Although participants with psychiatric symptoms, specific risk factors, or rare demographic characteristics can be difficult to identify and recruit for participation in research, participants with these characteristics are crucial for research in the social, behavioral, and clinical sciences. Online research in general and crowdsourcing software in particular may offer a solution. [...] Findings suggest that crowdsourcing software offers several advantages for clinical research while providing insight into potential problems, such as misrepresentation, that researchers should address when collecting data online.
We argue that online experiments can be just as valid— both internally and externally—as laboratory and ﬁeld experiments, while requiring far less money and time to design and to conduct. In this paper, we ﬁrst describe the beneﬁts of conducting experiments in online labor markets; we then use one such market to replicate three classic experiments and conﬁrm their results. We conﬁrm that subjects (1) reverse decisions in response to how a decision-problem is framed, (2) have pro-social preferences (value payoﬀs to others positively), and (3) respond to priming by altering their choices.
Although Mechanical Turk has recently become popular among social scientists as a source of experimental data, doubts may linger about the quality of data provided by subjects recruited from online labor markets. We address these potential concerns by presenting new demographic data about the Mechanical Turk subject population, reviewing the strengths of Mechanical Turk relative to other online and ofﬂine methods of recruiting subjects, and comparing the magnitude of effects obtained using Mechanical Turk and traditional subject pools. We further discuss some additional beneﬁts such as the possibility of longitudinal, cross cultural and prescreening designs, and offer some advice on how to best manage a common subject pool.
I review numerous replication studies indicating that AMT data is reliable. I also present two new experiments on the reliability of self-reported demographics. In the ﬁrst, I use IP address logging to verify AMT subjects’ self-reported country of residence, and ﬁnd that 97% of responses are accurate. In the second, I compare the consistency of a range of demographic variables reported by the same subjects across two different studies, and ﬁnd between 81% and 98% agreement, depending on the variable. Finally, I discuss limitations of AMT and point out potential pitfalls.
- Separate but equal? A comparison of participants and data gathered via Amazon’s MTurk, social media, and face-to-face behavioral testing (Computers in Human Behavior, Nov2013).
- The relationship between motivation, monetary compensation, and data quality among US- and India-based workers on Mechanical Turk (Litman, Robinson, & Rosenzweig, 2014, BRM)
- Seems like MTurk has finally made its way to AMJ
Following I’d like to share a few of my tips that I’ve adopted across the many trials I’ve ran on MTurk. Lessons learned :
- I normally pay 0.01US$ for a minute. Most of my experiments are 3-5 minutes, and so the payment is normally 5 cents. I usually set the number of participants to 200 and so an experiment normally costs me 10US$participants+1US$Amazoncommision = 11US$. I can’t begin to stress how important this is for a poor grad student. This is sometimes what people pay a single participant per session in HK/US/Israel.
- Most of the low paid participants are Indian. Their level of English proficiency varies, but you can test this to use as a control variable or disqualifier, or you can even set this as a requirement on MTurk before they complete the survey (especially for the longer higher paying surveys, not so much for the 3-5 minutes surveys). If you’d rather eliminate this sample altogether MTurk allows you to specify which countries you would like to include or not include in your task.
- Limit running the experiment to those who successfully completed atleast 50 HITs before and 95% acceptance.
- You need to verify that participants read and understand your survey, and that they don’t randomly click their answers. For that I do the following:
- After each scenario I run a quiz to test their understanding.
- Obviously, every part includes a check. A manipulation should always be tested, better with more than a single manipulation check.

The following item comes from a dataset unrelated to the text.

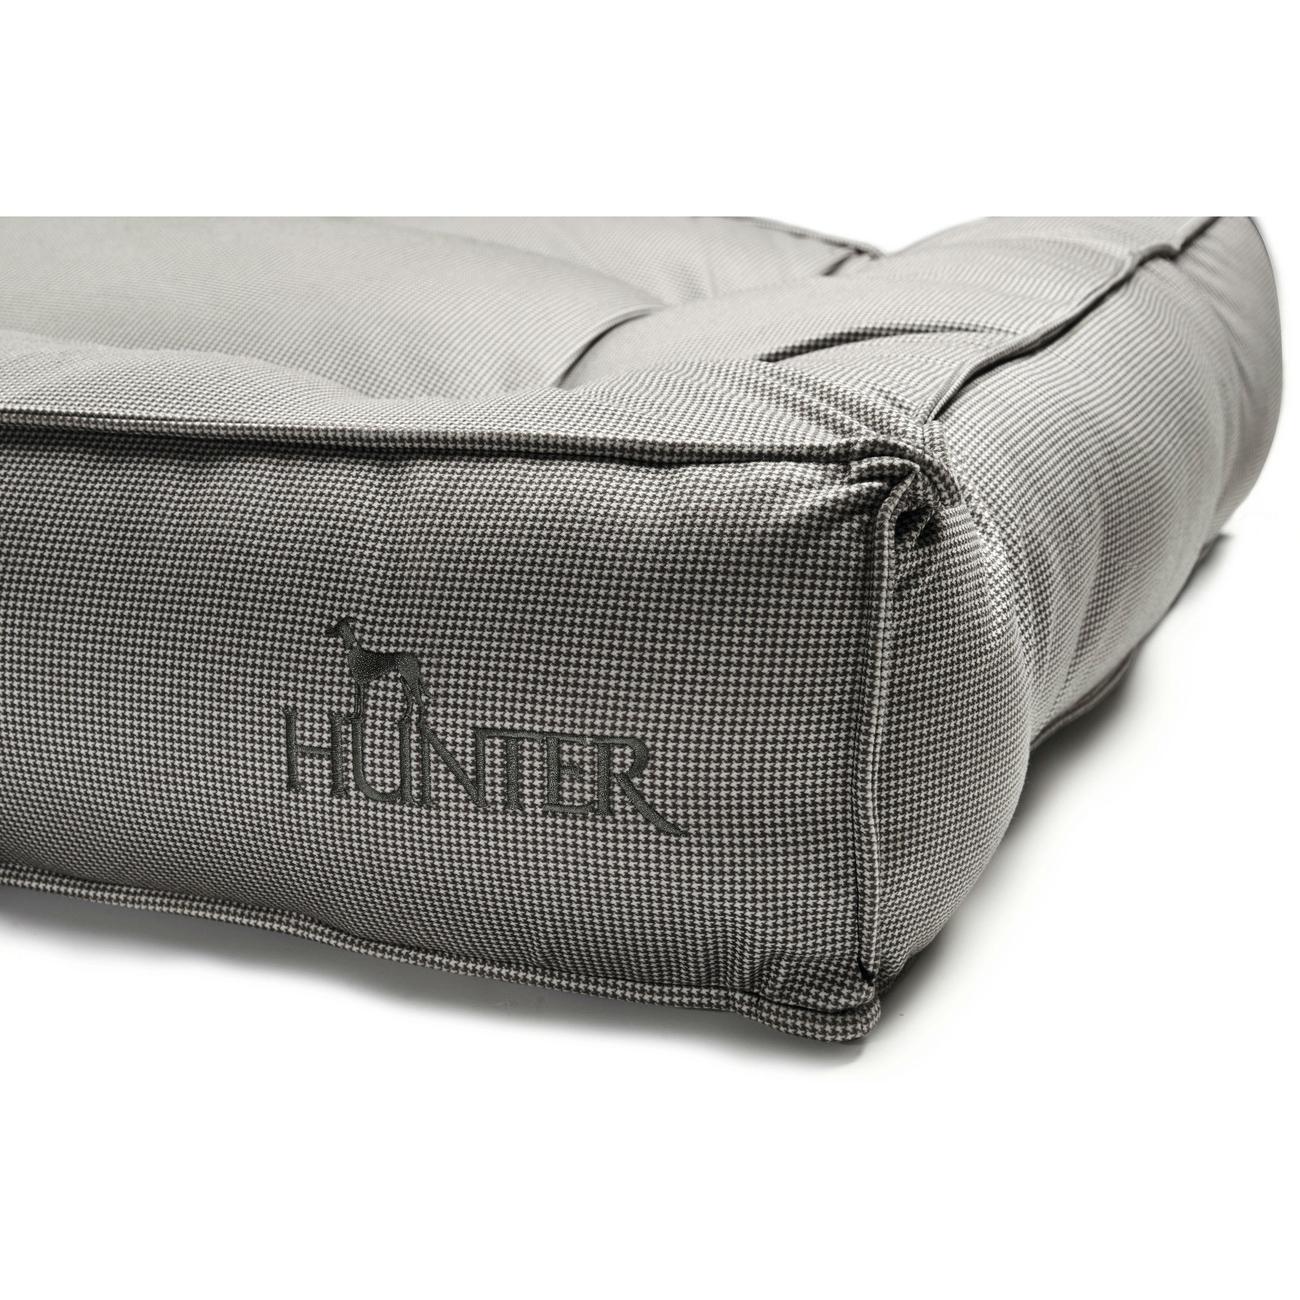 Hunter Hundebett Lancaster 65057, Bild 6

- Add a timer for each page and include a check in your stat syntax to test whether they answered too fast.
- Include a funneling section and ask them what the survey was about and set a minimum characters answer. Go over the answers to see who puts in noise. Ofcourse, if you included a manipulation also test for suspicion and ask them what they thoughts the purpose was or whether they can see any connection between the manipulation and your tested DV.
- It goes without saying that you should test your survey before setting it off to the wild. But, very important point is to set email triggers and see that the answers you get are what they should be. It happened a few times that I discovered something wrong within the first ten participants, so I stopped the batch, corrected the mistake and restarted everything.

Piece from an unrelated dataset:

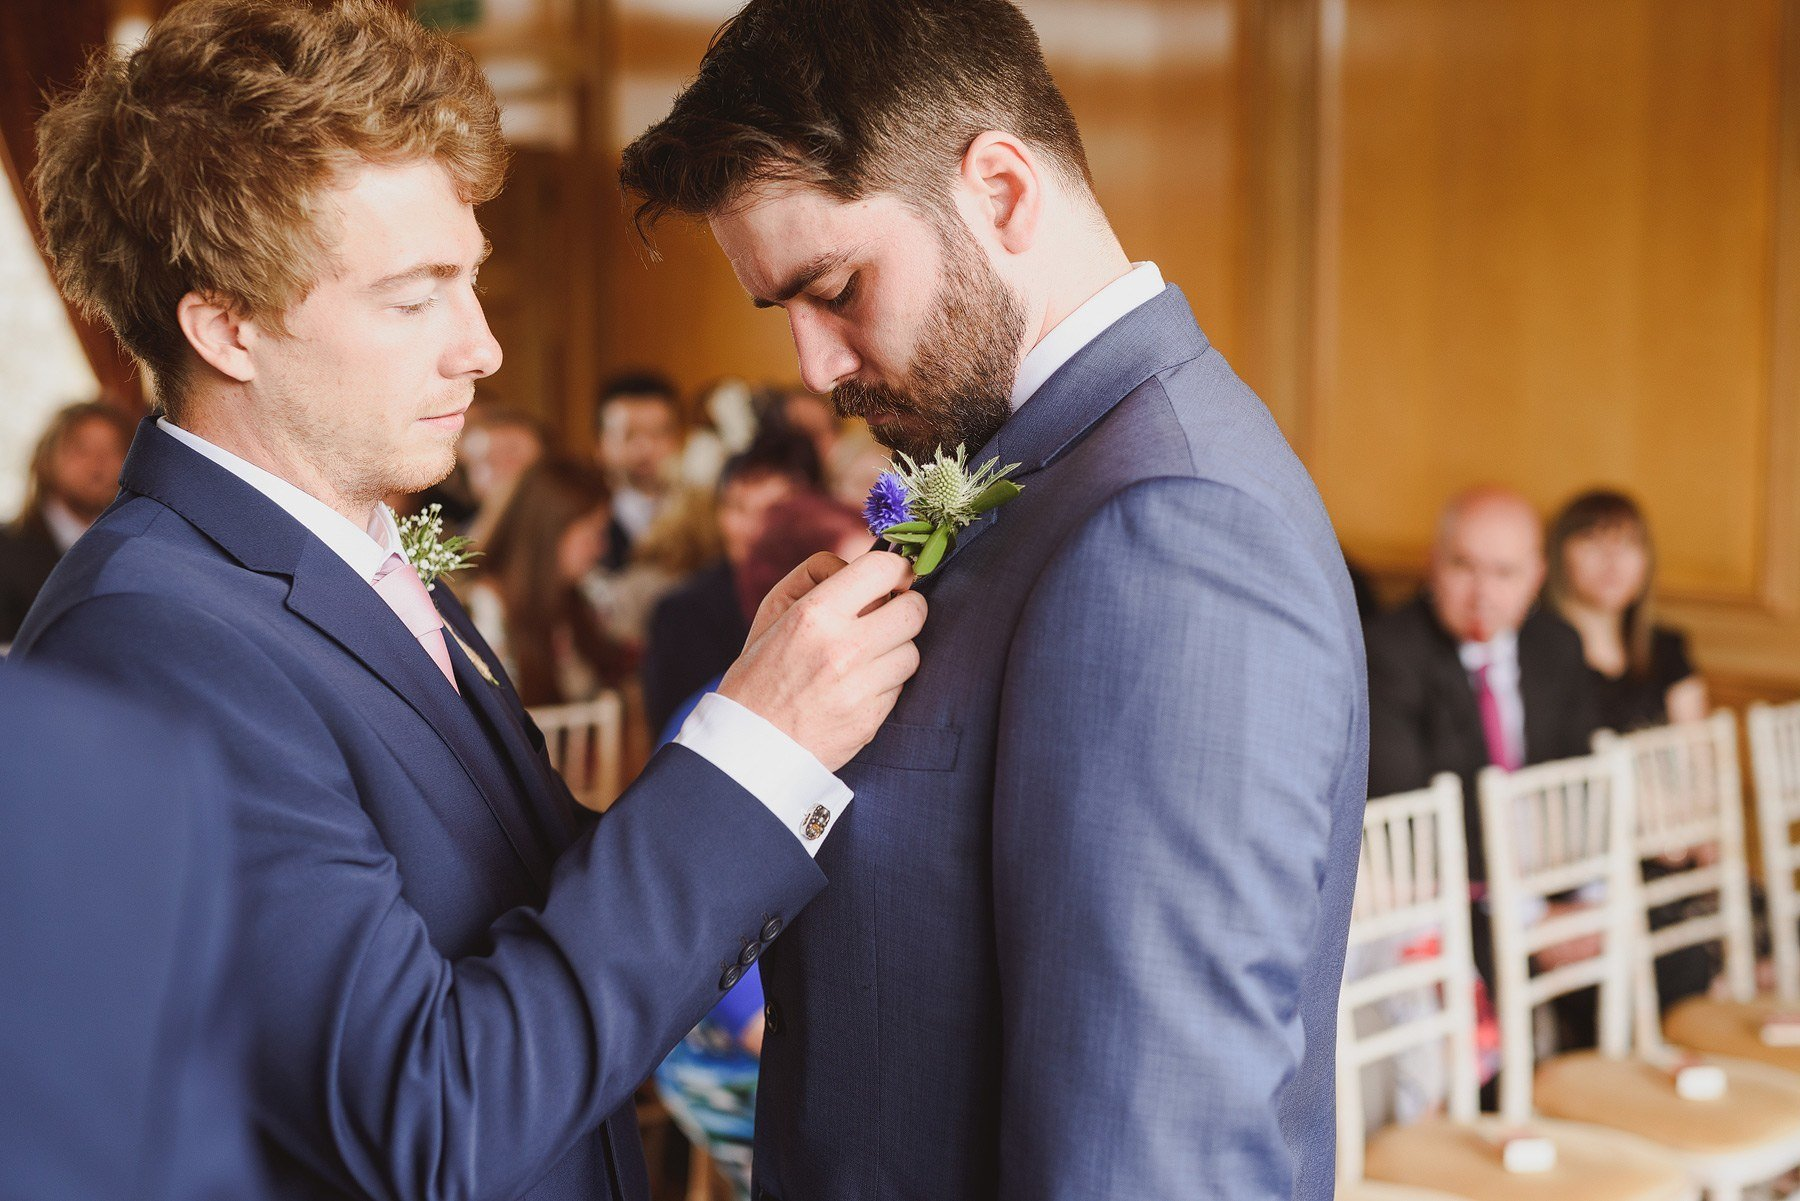 weddings at kilver court gardens

[UPDATE 2013/02/05 my answer to a discussion about this]
- One should be careful with money as an incentive for answering questionnaires on MTurk. I’ve actually found that 5 cents a questionnaire may at times yield higher quality results than a 2 dollar reward since it reduces the chance that people merely participate for the money. People still participate for 2-5 cents, and that couldn’t be just for the money in it.
- There’s a special concern with participants from India. Though I try not to stereotype and generalize, but some studies that haven’t worked well with an international sample have worked very well on the rerun with the rule : “Location NOT India”.

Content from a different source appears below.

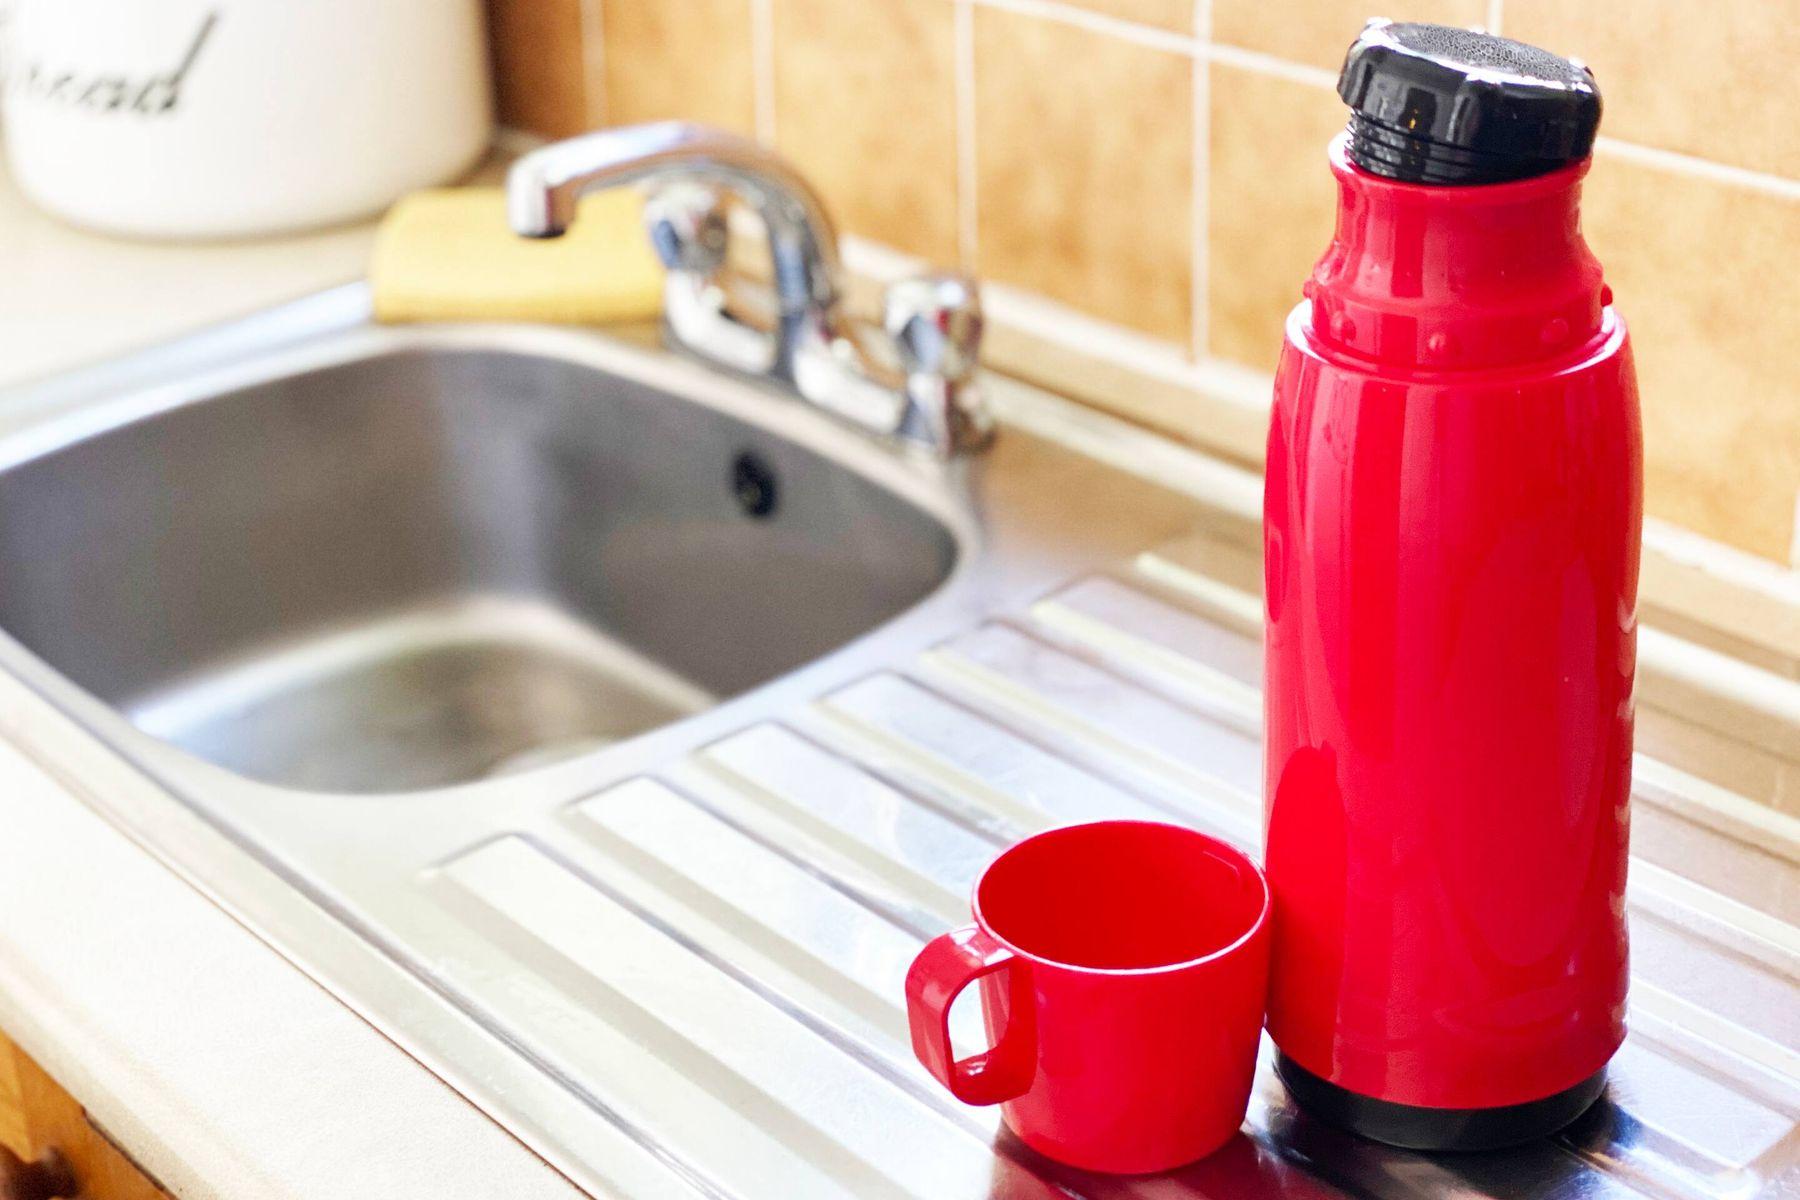 A flask beside a kitchen sink

- The questionnaire should show participants you’re a serious researcher. Meaning :
- Comprehension questions to make sure they understood the scenario or what they need to do in a task.
- Quiz questions about scenarios that they have to get right to proceed.
- 2 or 3 manipulation checks may work better than a single one.
- Lots of decoy questions that go in opposite directions and randomized into scales (ones I use often – “the color of the grass is blue” “in the same week, Tuesday comes after Monday” “rich people have less money than poor people” etc.)
- Randomizing question sequence and options for each section.
- Adding a funneling section.
- Language proficiency checks.
- Adding a timer to all questions to check how much time they spent on each page and when they clicked on things.
- Between subject manipulations are better than a simple survey since different participants see different conditions and hence reduce the chances of simply sharing answers.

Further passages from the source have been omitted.